Voorwaarden voor opslag

Buiten bereik van kinderen bewaren bij een temperatuur beneden 25 ° C.

De houdbaarheid is 3 jaar.

Voorwaarden voor uitgifte van apotheken

Op recept verkrijgbaar.

Beoordelingen over Suglate

Op gespecialiseerde sites zijn er momenteel geen beoordelingen over Suglate achtergelaten door patiënten, aangezien het medicijn pas in mei 2019 in Rusland werd geregistreerd.

Suglat prijs in apotheken

De prijs voor Suglate in de vorm van filmomhulde tabletten (50 mg) kan 2.600-3.000 roebel zijn. per verpakking met 30 stuks.

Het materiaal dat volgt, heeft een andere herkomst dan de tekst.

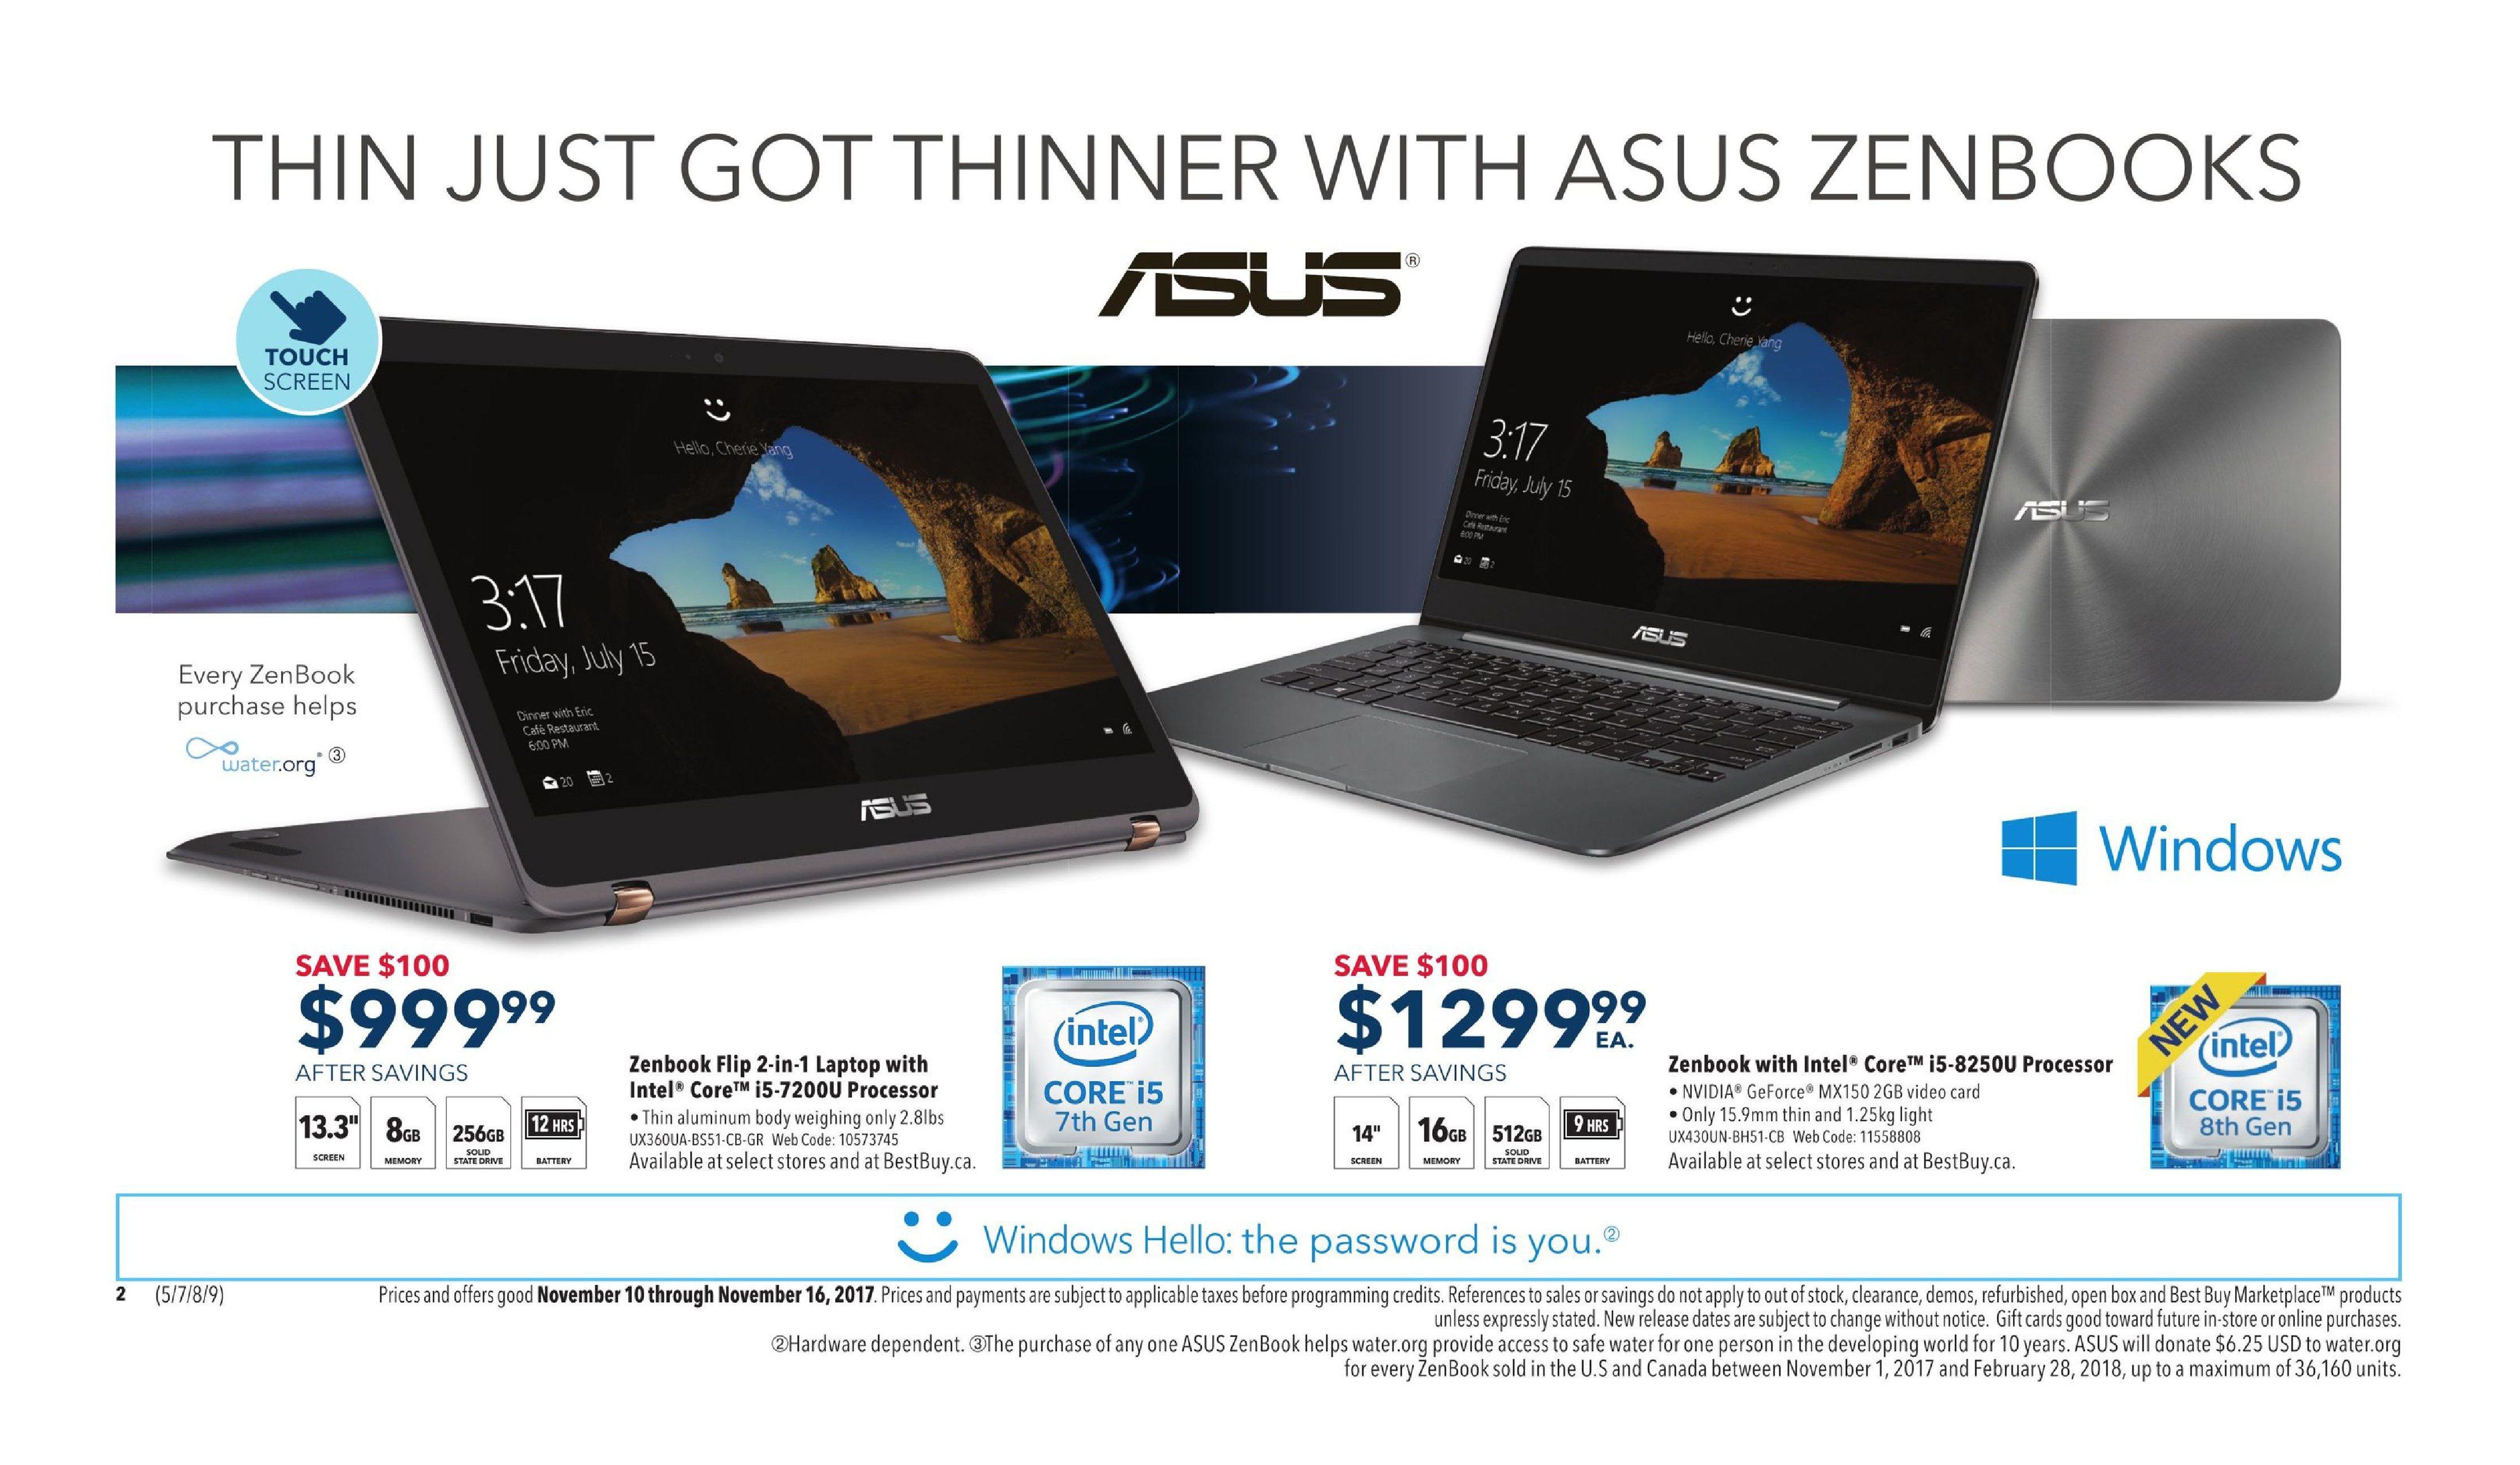 Best Buy Weekly Flyer Get Amazing Deals On Dazzling Gifts Sdxc 512gb V Gen Turbo Class 10 Uhs1 Nov 16

Suglat: prijzen in online apotheken

Medicijnnaam

Prijs

Apotheek

Suglate 50 mg filmomhulde tabletten 30 stuks.

1571 RUB

Kopen

Anna Kozlova
Anna Kozlova

Anna Kozlova Medisch journalist Over de auteur

Opleiding: Rostov State Medical University, specialiteit "General Medicine".

Informatie over het medicijn is gegeneraliseerd, wordt alleen ter informatie verstrekt en vervangt de officiële instructies niet. Zelfmedicatie is gevaarlijk voor de gezondheid!